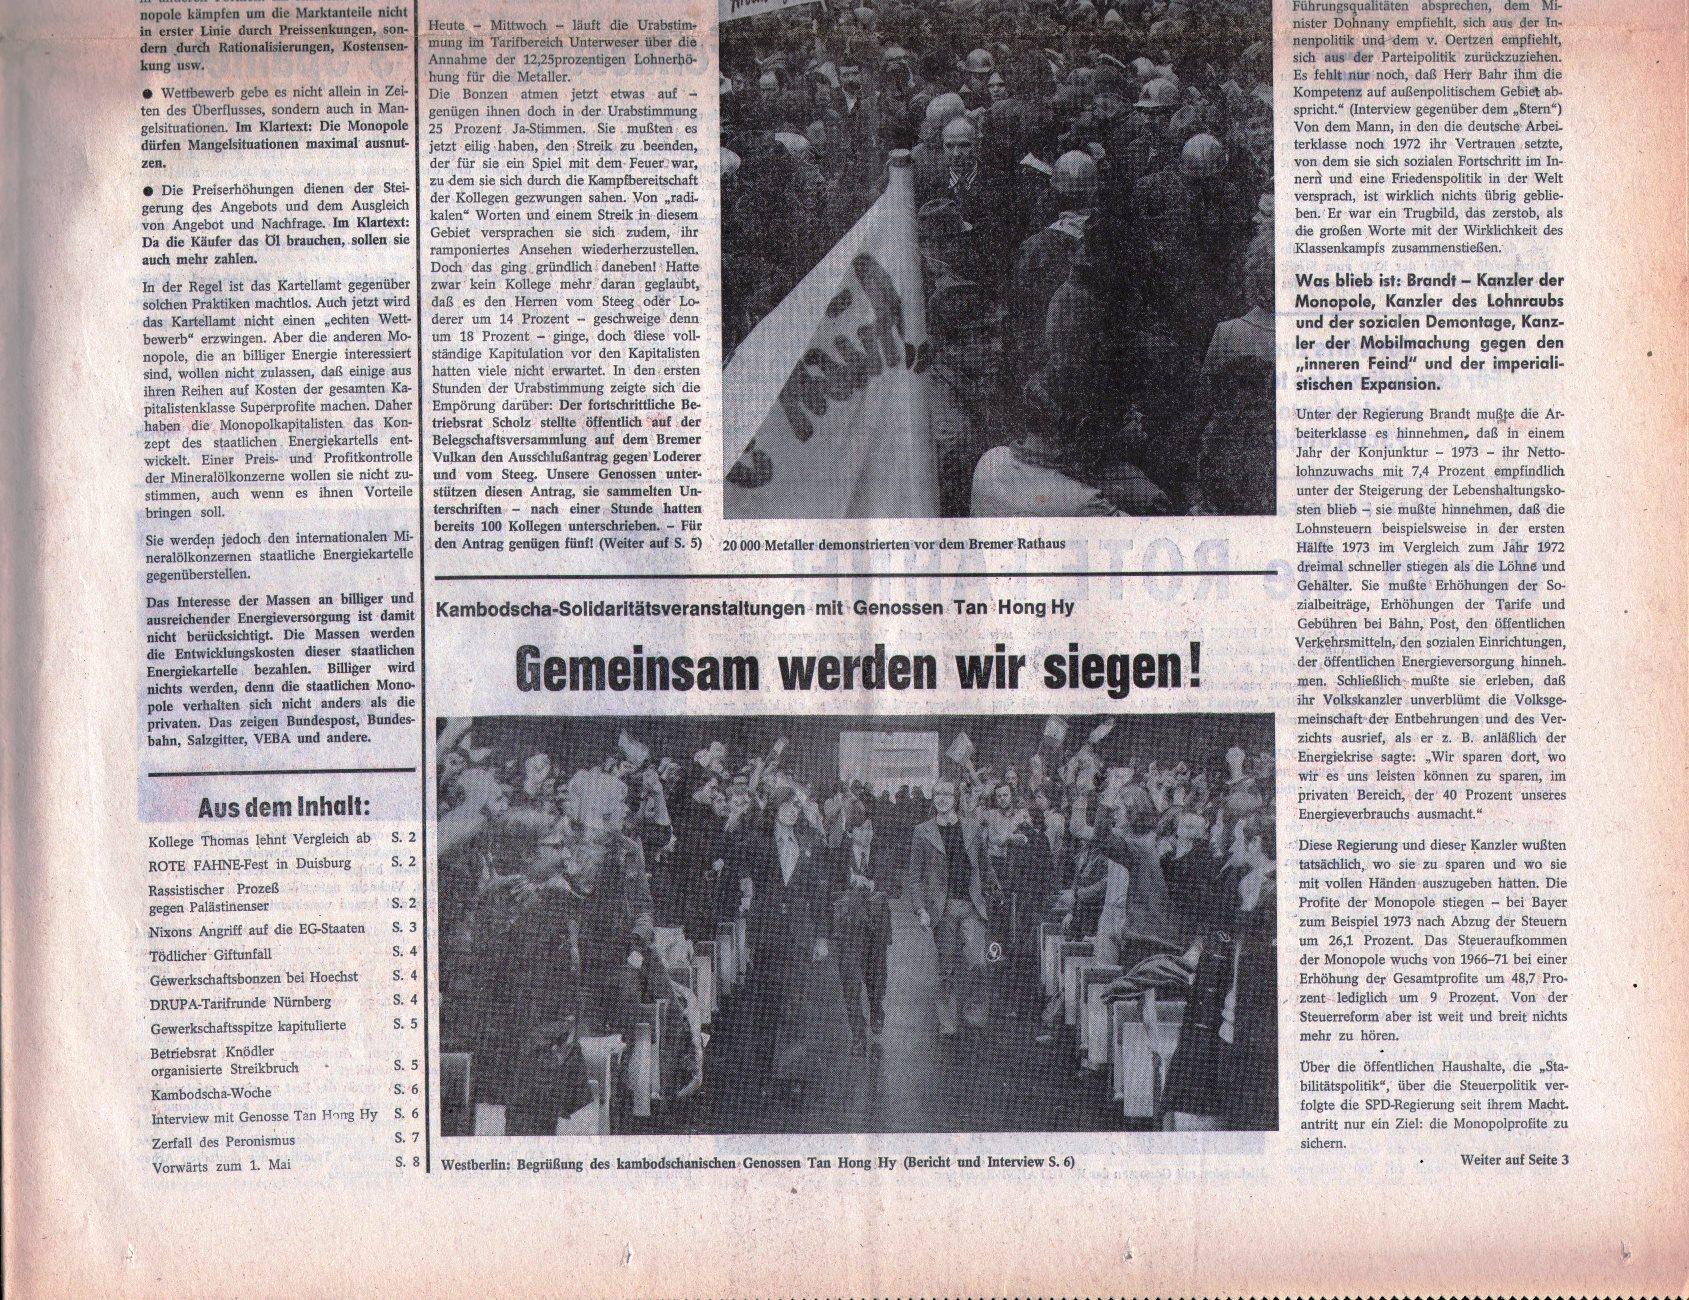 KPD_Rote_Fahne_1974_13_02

▬▬▬

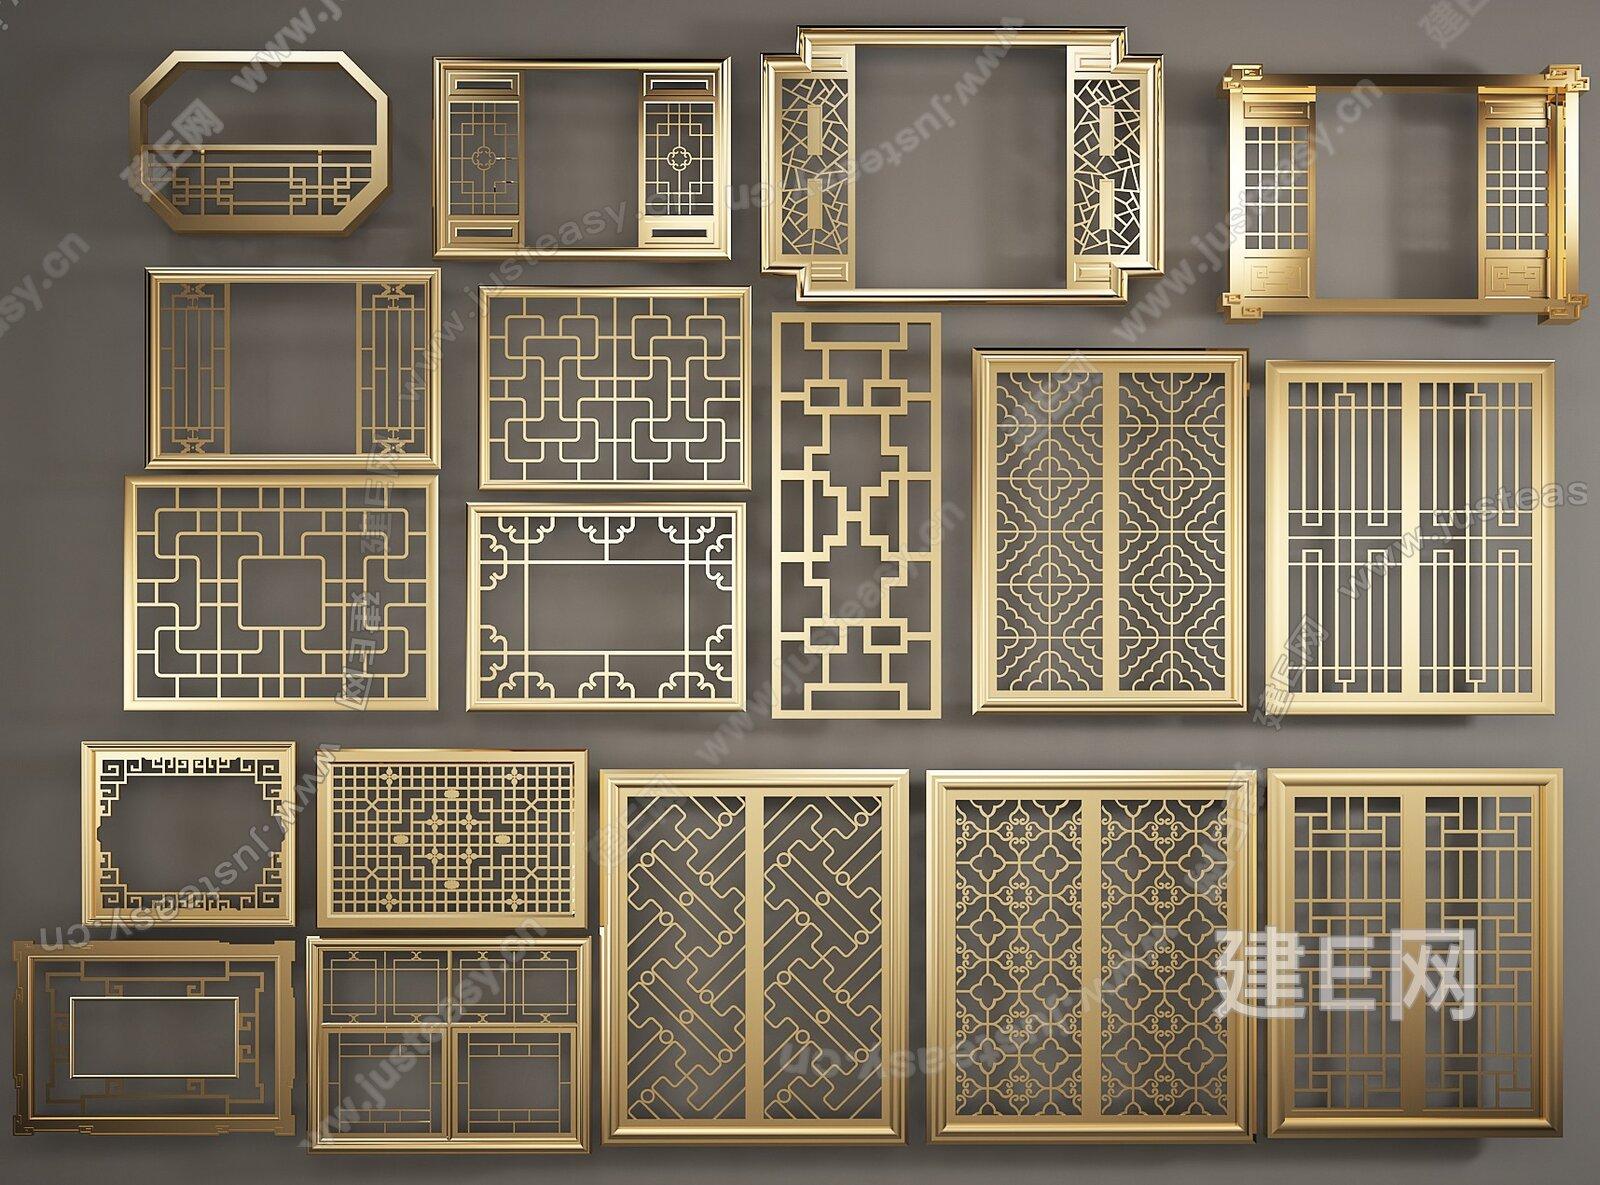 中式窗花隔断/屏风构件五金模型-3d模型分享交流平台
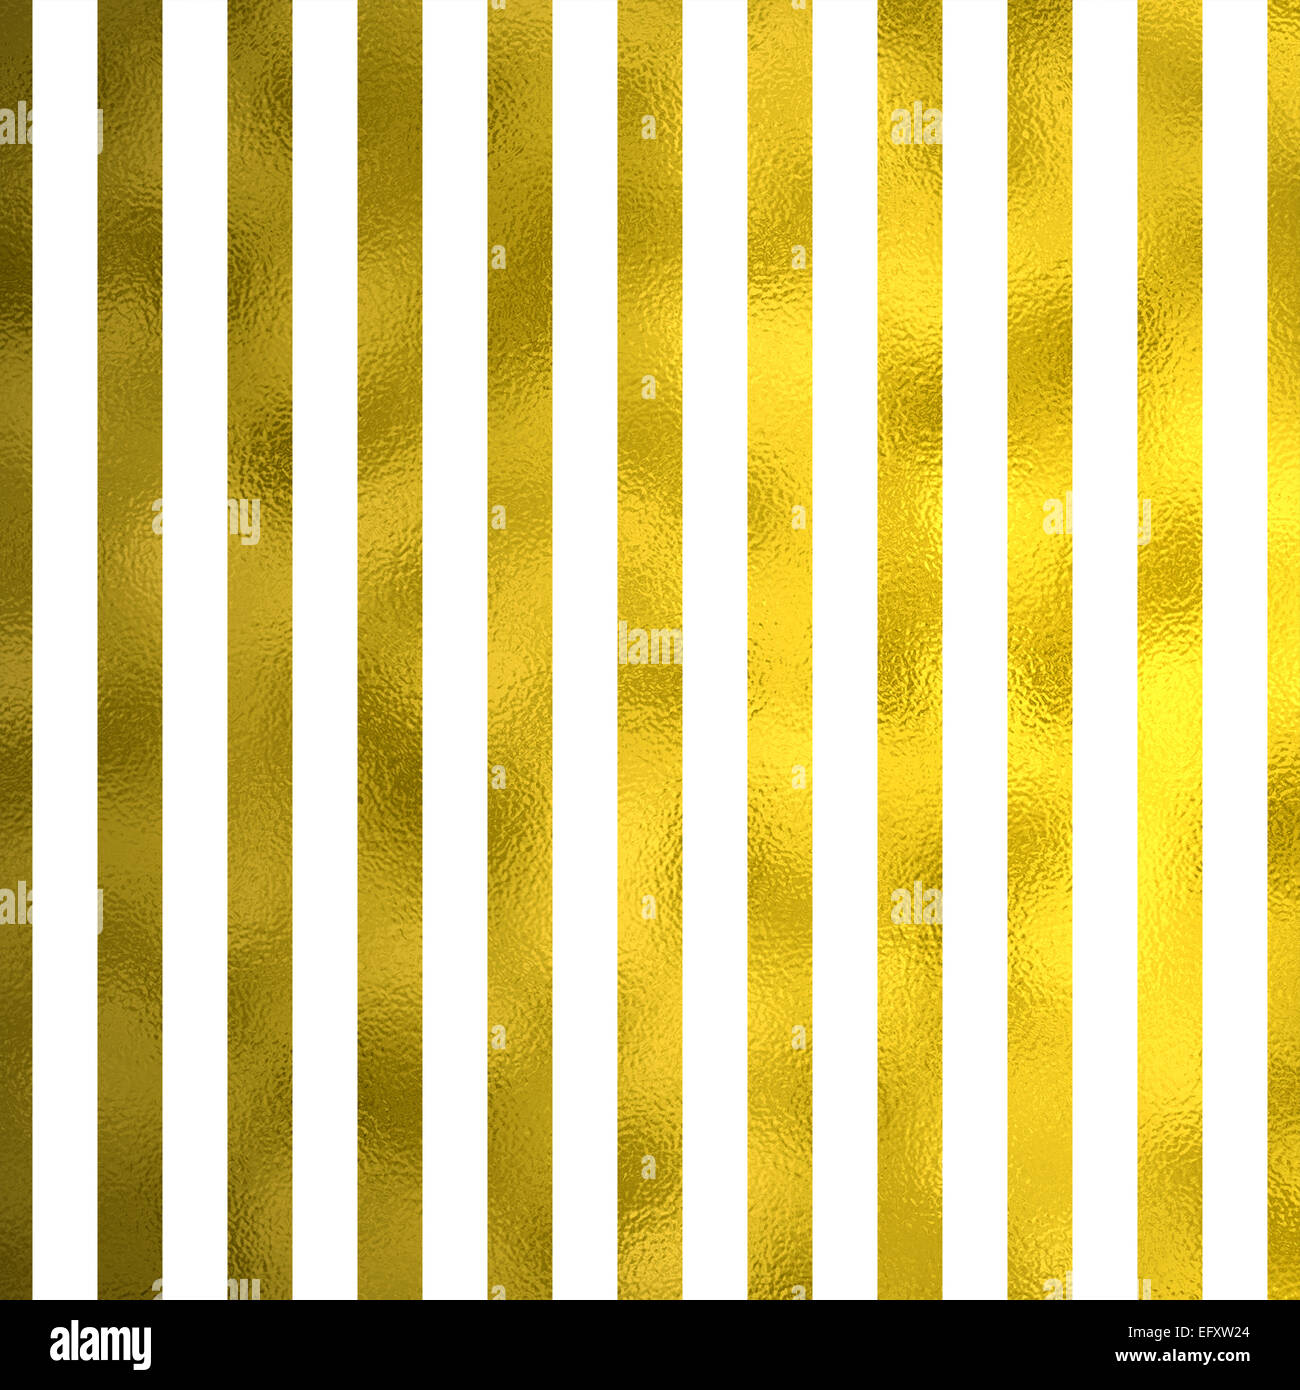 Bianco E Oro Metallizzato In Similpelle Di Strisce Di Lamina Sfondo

▬▬▬

Within the listing above, print exactly the stretch beginning at the line that contains "中式窗花隔断/屏风构件五金模型-3d模型分享交流平台" and finishing at the line that contains "Bianco E Oro", ends kept, pictures left out, and nothing more.

▶ _Output for this exercise_:
 中式窗花隔断/屏风构件五金模型-3d模型分享交流平台
 Bianco E Oro Metallizzato In Similpelle Di Strisce Di Lamina Sfondo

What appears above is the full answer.